__What the task requires__:
Return verbatim the lines that run from the one holding "homo von Friedrich" to the end of the listing, both ends included, without the pictures.

__Data segment__:

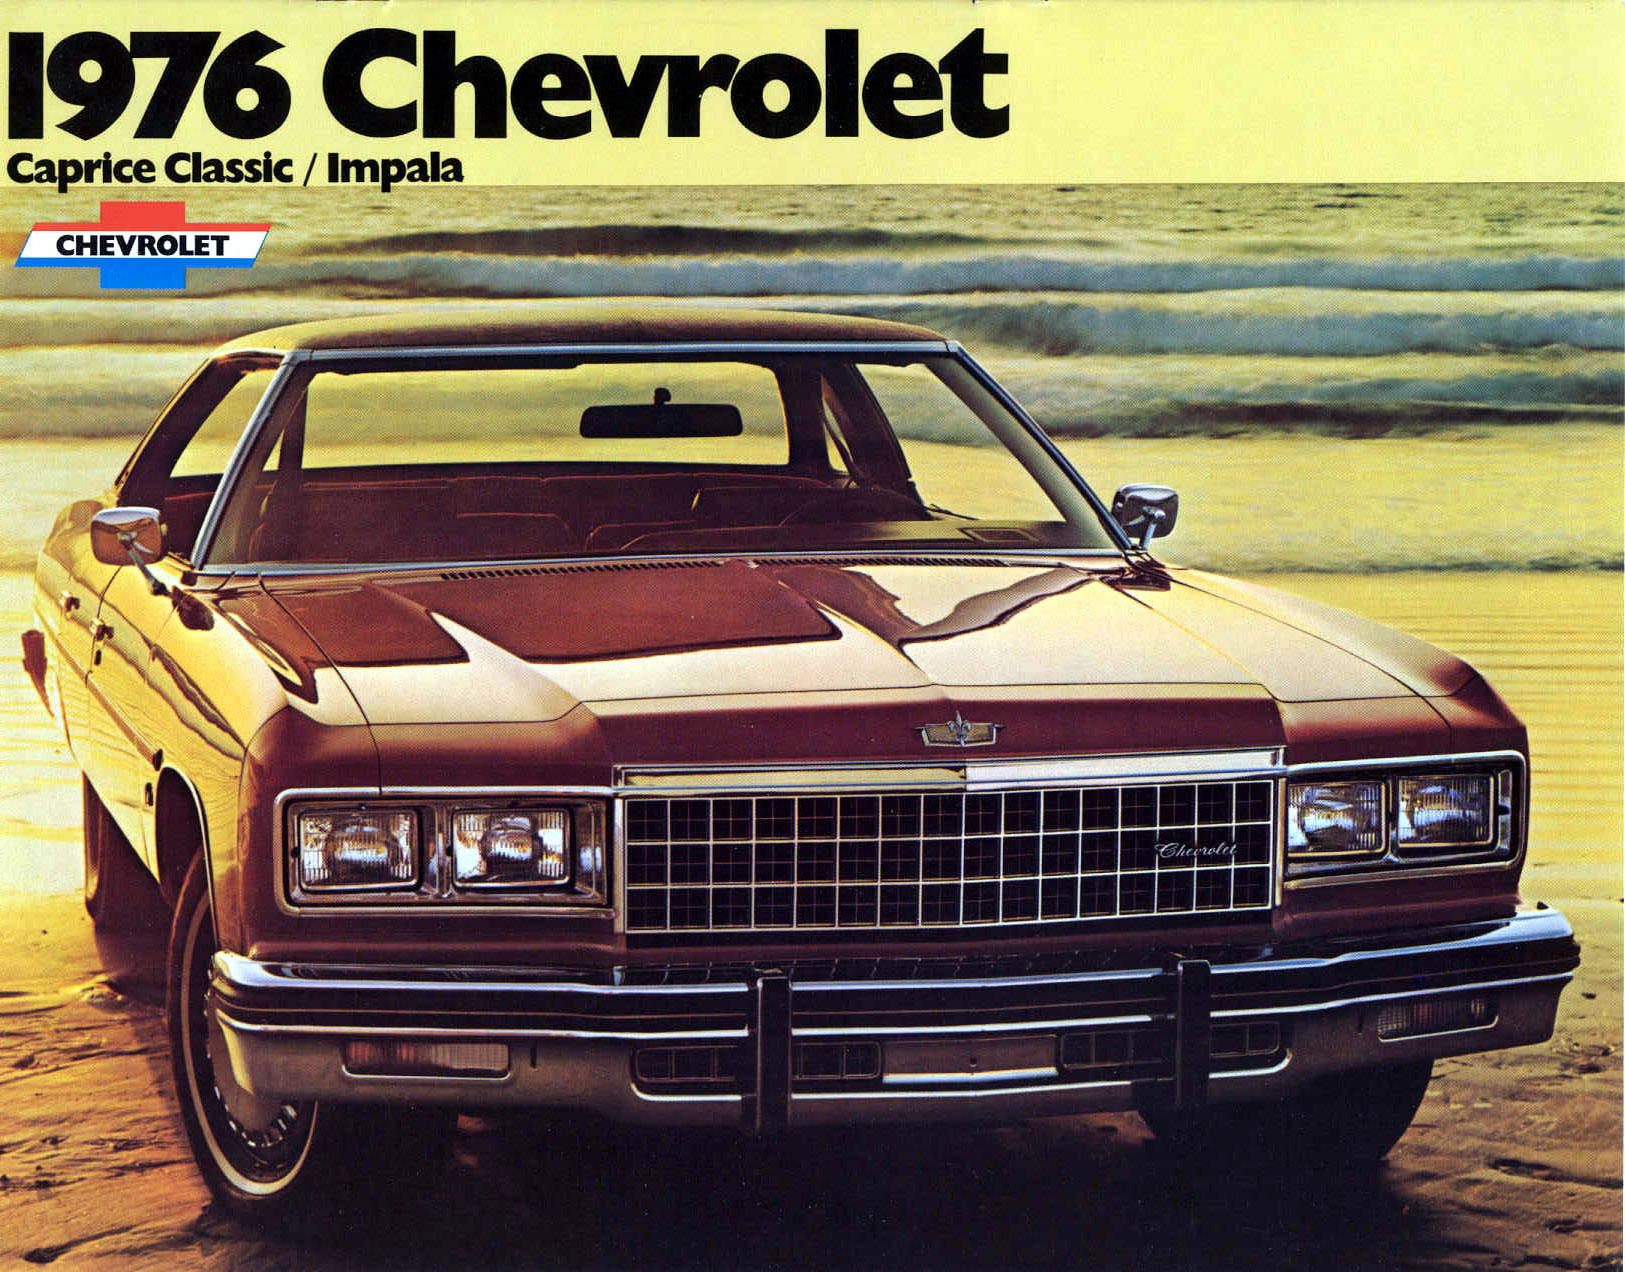 1976 Chevrolet Full Size-01
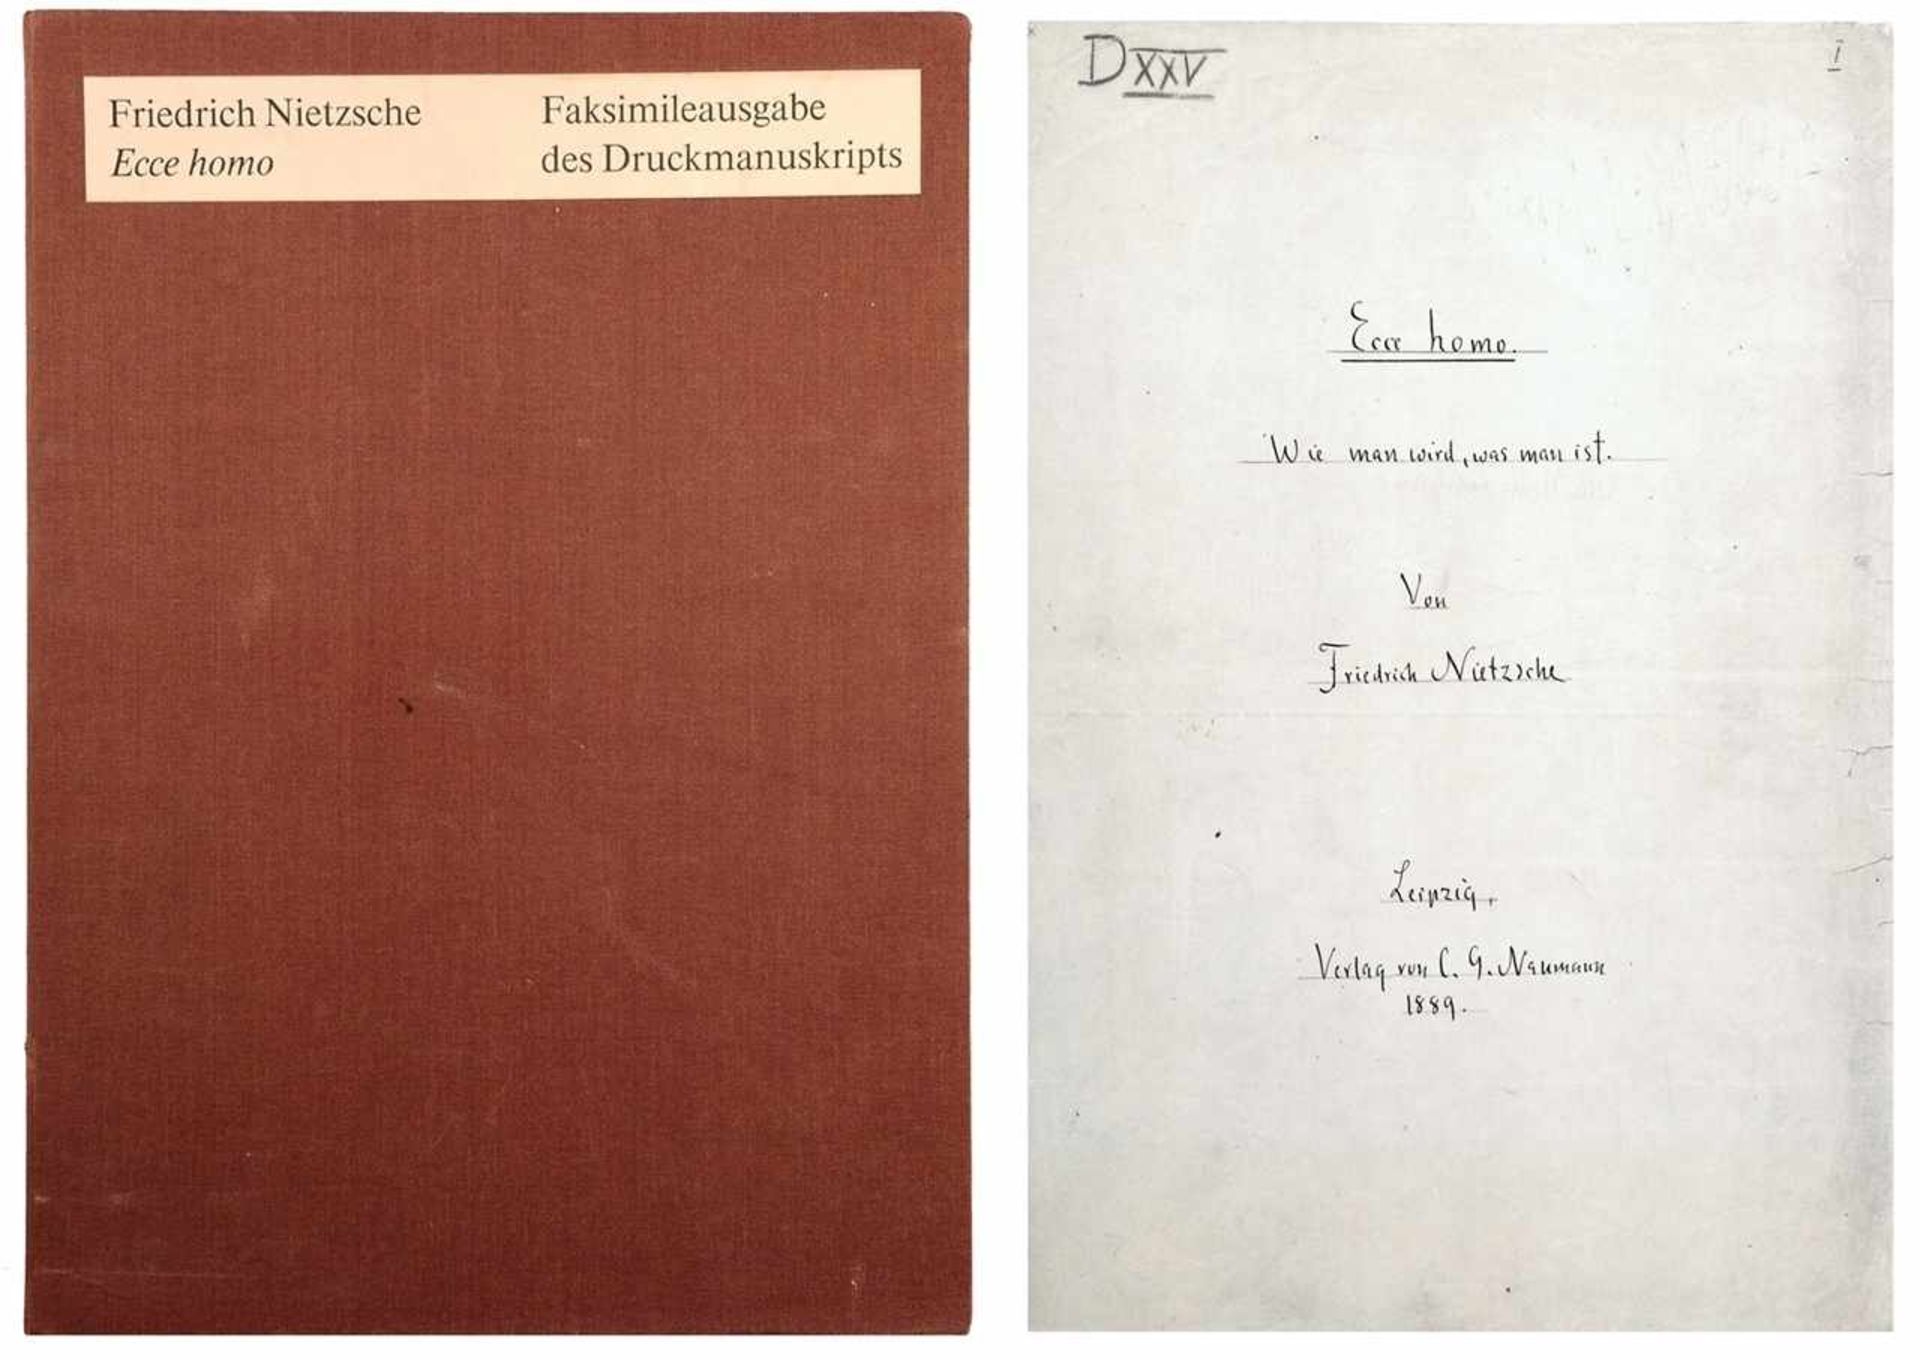 "Ecce homo von Friedrich Nietzsche. Faksimileausgabe des Druckmanuskripts." Bestehend aus Offset-
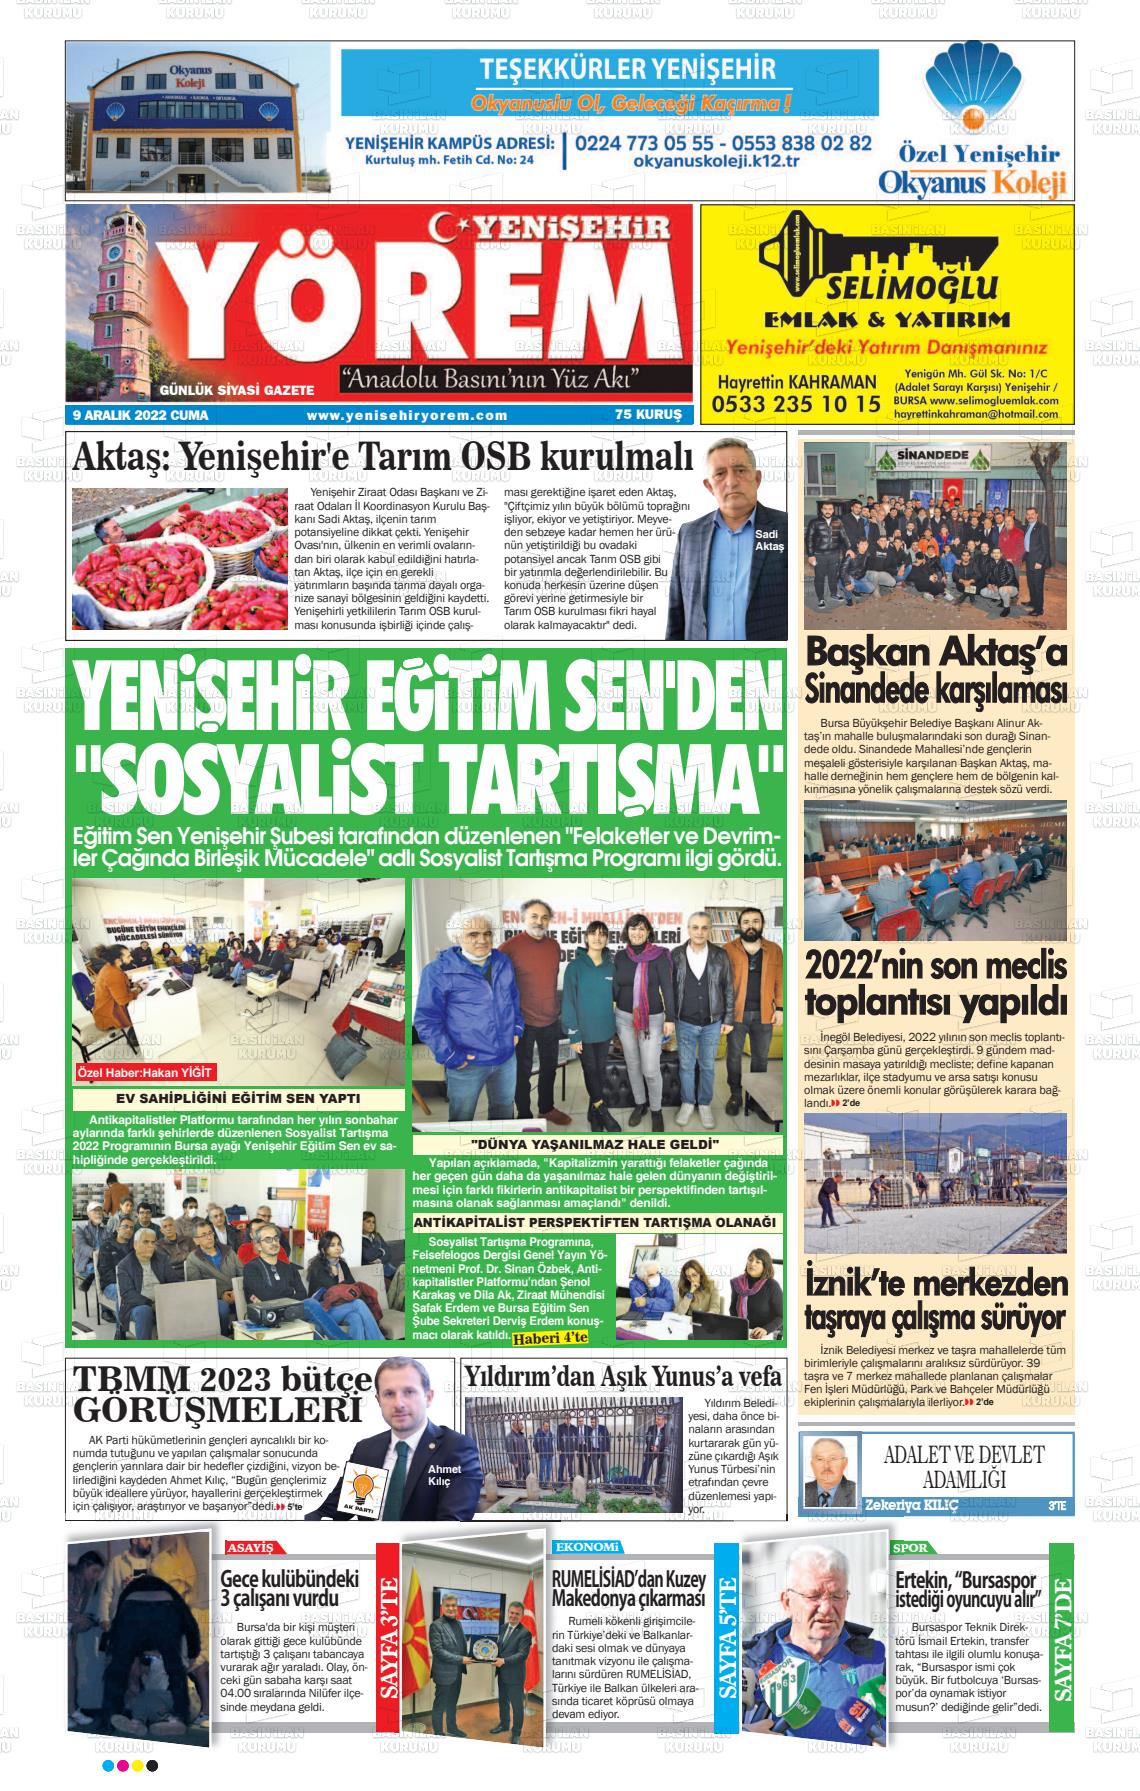 09 Aralık 2022 Yenişehir Yörem Gazete Manşeti

__Result for this task__:
 "Ecce homo von Friedrich Nietzsche. Faksimileausgabe des Druckmanuskripts." Bestehend aus Offset-
 09 Aralık 2022 Yenişehir Yörem Gazete Manşeti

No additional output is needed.